Extensive study of mTORC1 has been conducted in regard to senescence. Although activation of mTORC2 also occurs downstream of phosphoinositide 3-kinase, involving phosphatidylinositol-3,4,5-triphosphate-dependent translocation of mTORC2 to the plasma membrane or mTORC2-ribosome association, the detailed mechanism has not been clearly defined. How does mTORC2 signaling contribute to senescence? (1) Promotion of cellular senescence by TGF-β occurs via multiple effectors, including PAI-I. Activation of mTORC2 can lead to decreased TGF-β signaling through accelerated degradation of Smad2/360. Our proteomics data showed a regorafenib-induced decrease in the levels of TGF-β and PAI-1 (Supplementary Table 2), suggesting that the mTORC2-Smad2/3 axis is a potential target of regorafenib. (2) Silencing of nuclear factor erythroid 2–related factor 2 (Nrf2), a key transcription factor responsible for the execution of an antioxidative stress program, resulted in induction of premature senescence61. Suppression of Nrf2 expression by mTORC2 can occur via the AKT-GSK-3β-C/EBPα axis62. GSK-3β can also promote cell proliferation in diverse types of cancers. Our finding of inhibition of both cell proliferation (Fig. 1g) and GSK-3β expression (Fig. 4f) in βPIX knockdown cells is in line with the role of GSK-3β. Regorafenib partially reversed these suppressive effects in senescent cells (Fig. 1g, Fig. 4f and Supplementary Fig. 5). Together, these findings indicate that mTORC2 may contribute to senescence attenuation through the AKT-GSK-3β pathway. (3) Activation of NF-kB by mTORC2 can also occur and is a critical requirement for SASP induction in an AKT-independent63 and AKT-dependent manner via the AKT-IKKα pathway64. Overall, the inhibition of mTORC2 as well as mTORC1 by regorafenib might provide an explanation for its prominent effects on the attenuation of senescence.

Findings from a recent study demonstrated mTOR signaling as a causal factor in the senescence of lung cells and emphysema65. Our in vitro findings agree with those reported in that study. Therefore, we can speculate that treatment with regorafenib results in amelioration of PPE-induced emphysema, at least in part through attenuation of senescence.
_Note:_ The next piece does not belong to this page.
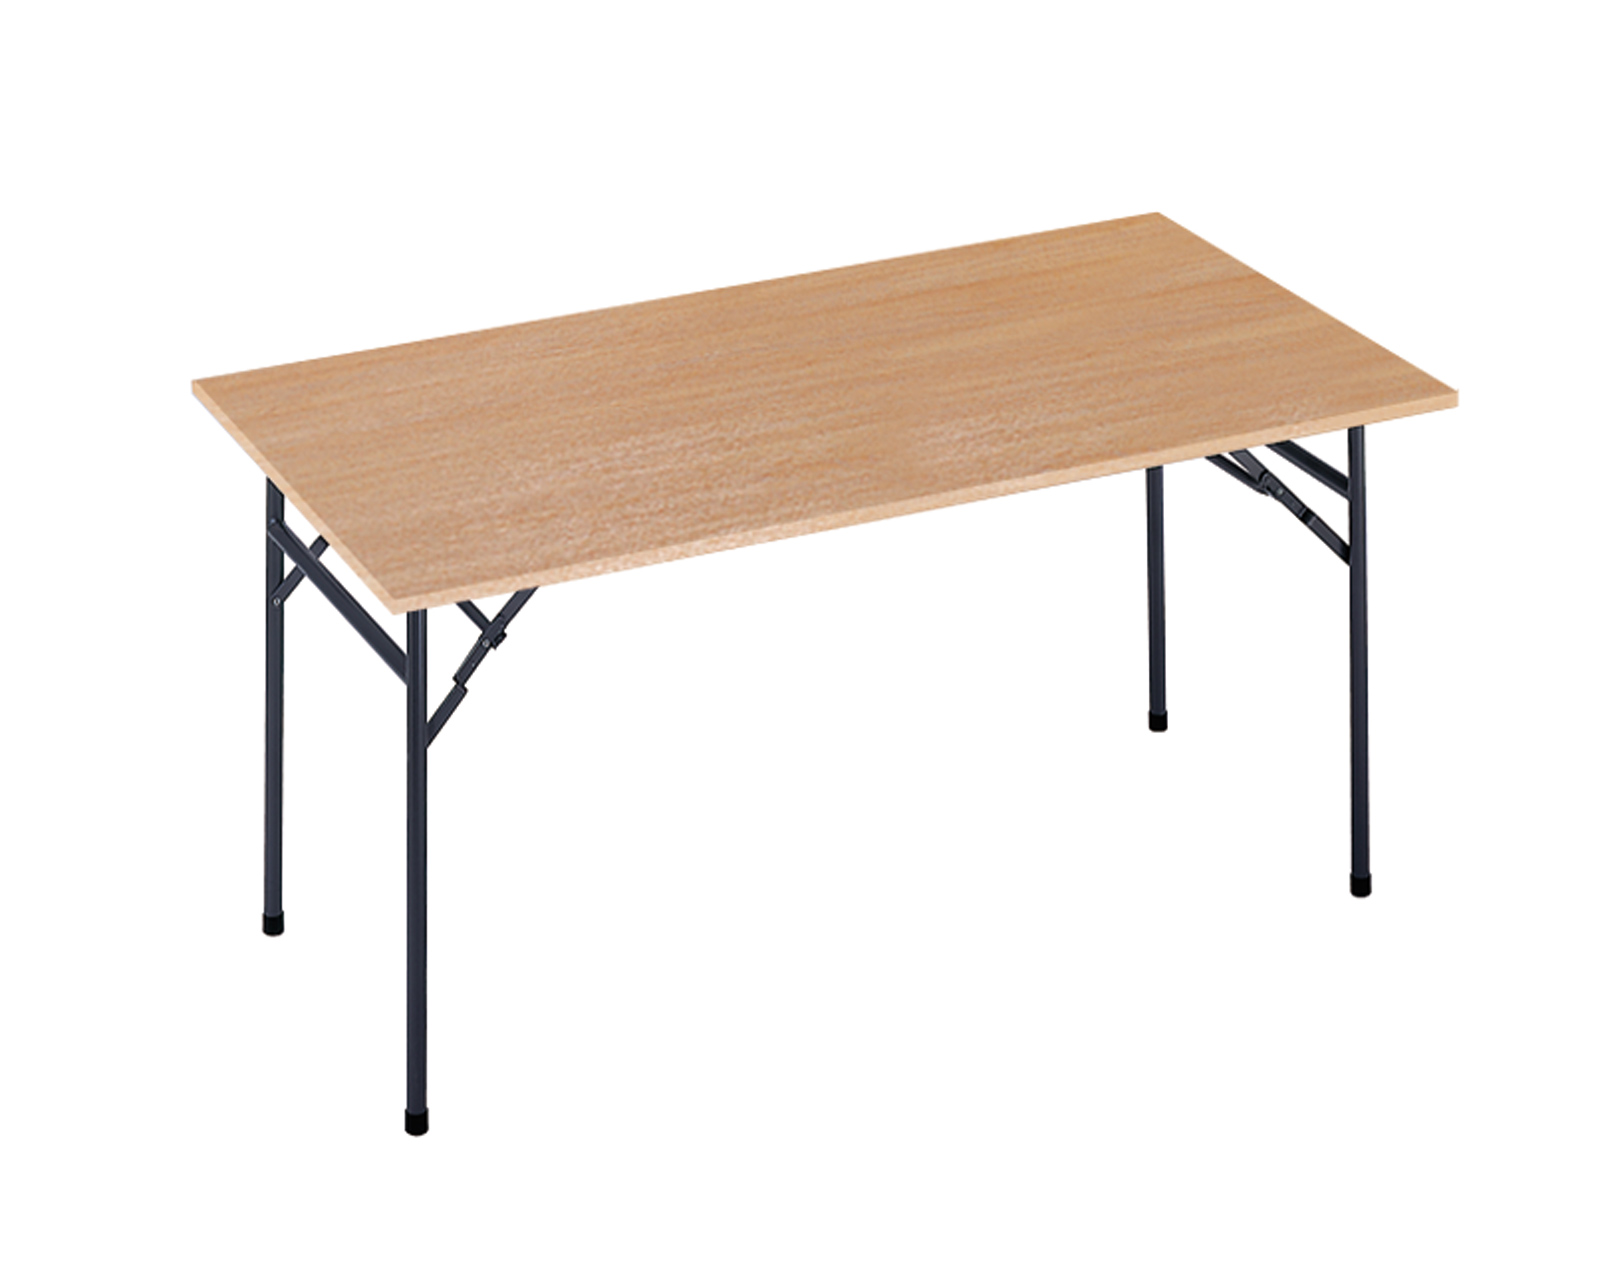 Verona Folding Leg Rectangular Table 1524x746mm Beech

The extent of the causal contribution of the effect of regorafenib on senescence to the amelioration of PPE-induced emphysema remains to be determined. However, regarding the phosphorylation of downstream targets of mTORC1, i.e., 4EBP-1, S6, and PRAS40, there is some discrepancy between the in vitro findings and the observations in the PPE model. This might be due to a dominant role of other downstream pathways of mTORC1, such as the IL-1α/NF-kB and mitogen-activated protein kinase-activated protein kinase-2 (MK2) pathways, in PPE-treated mice, particularly regarding SASP induction Alternatively, individual heterogeneity may be generated by a complex signaling network in PPE-treated mice, in contrast to the homogeneity of cultured cells.

Findings from accumulated studies have placed mTOR signaling as the central node in both aging and ARDs; thus, the effort to target mTOR signaling has been considerable. Many rapalogs have been developed since the initial discovery of rapamycin as an inhibitor of mTOR20,66. mTOR signaling is also a target of metformin and calorie restriction, which result in a prolonged lifespan across a range of model organisms42,67. The findings of the current study demonstrated that AKT/mTOR signaling, as a major target, was also inhibited by treatment with regorafenib. Based on the marked senomorphic effect of regorafenib, its combination with other compounds is worthwhile to promote its beneficial effects on emphysema. In addition, there is a temptation to speculate on the therapeutic potential of regorafenib in other senescence-related inflammatory diseases, such as osteoarthritis. This idea is supported by the identification of the SASP components IL-6 and IL-8 and their downstream JAK/STAT3 signaling pathway as targets of regorafenib.

In conclusion, the findings of our study demonstrated that treatment with regorafenib resulted in effective amelioration of both senescence and the progression of emphysema. These findings suggest the potential for the use of regorafenib as a senomorphic drug targeting ARDs.